Contracts I, Pages 158–164 (ed. 1)

Webb v. McGowin

Court of Appeals of Alabama, 1935

Facts:

Plaintiff was was working at a lumber mill and was clearing the upper floor of the mill. Part of this was done by dropping a 75-pound pine block to the ground floor. As he was pushing it off, he saw McGowin below. Concerned the fall of the block would kill McGowin, plaintiff fell off with the block. This diverted the block from hitting McGowin, but permanently crippled Webb. Because plaintiff had prevented McGowin from being killed, he agreed to pay plaintiff $15 every fortnight for the rest of plaintiff's life. These payments continued regularly for almost ten years until McGowin died.
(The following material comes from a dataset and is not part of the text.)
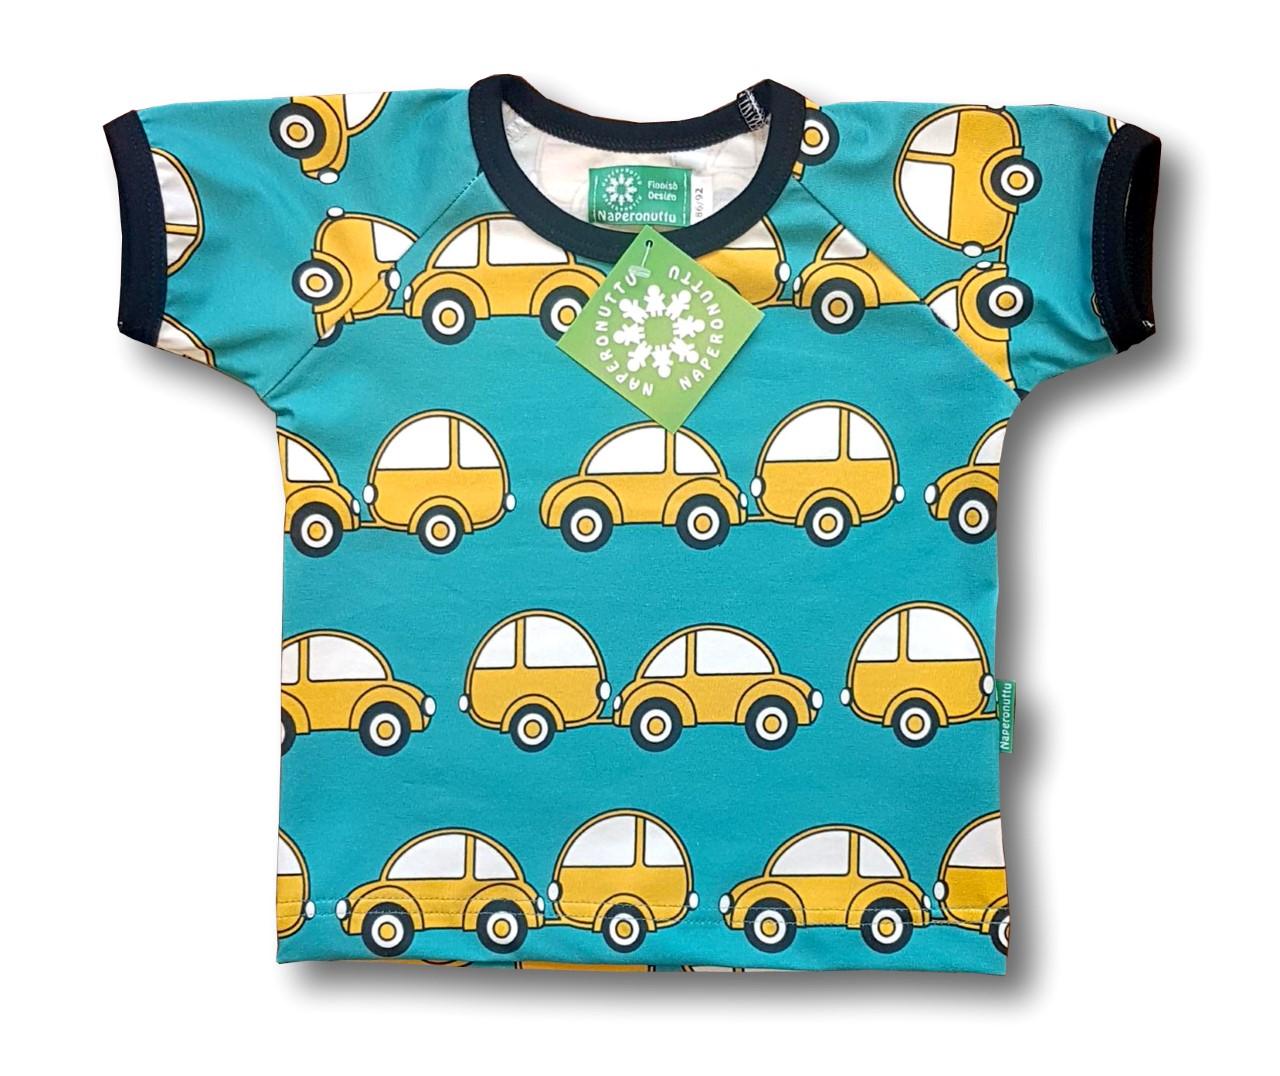 Naperonuttu t-shirt Caravan

Two more payments were then sent, at which time they were discontinued.

Procedural History:

The lower court sustained defendant's demurrer.

Issue:

Was McGowin's promise to pay someone for saving his life valid?

Defendant's Arguments:

  • Plaintiff states no cause of action

  • The contract was without consideration.

  • McGowin did not offer to pay before the services were rendered.

  • The contract is void under the statute of frauds.

Rule:

Where the promisee cares for, improves, and preserves the property of the promisor, though done without his request, it is sufficient consideration for the promisor's subsequent agreement to pay for the service, because of the material benefit received.

Reasoning:

One's body and life are quite valuable property. Saving it was then sufficient consideration for McGowin's promise.

Holding:

Yes, McGowin's promise to pay plaintiff for saving his life was valid. Reversed and remanded.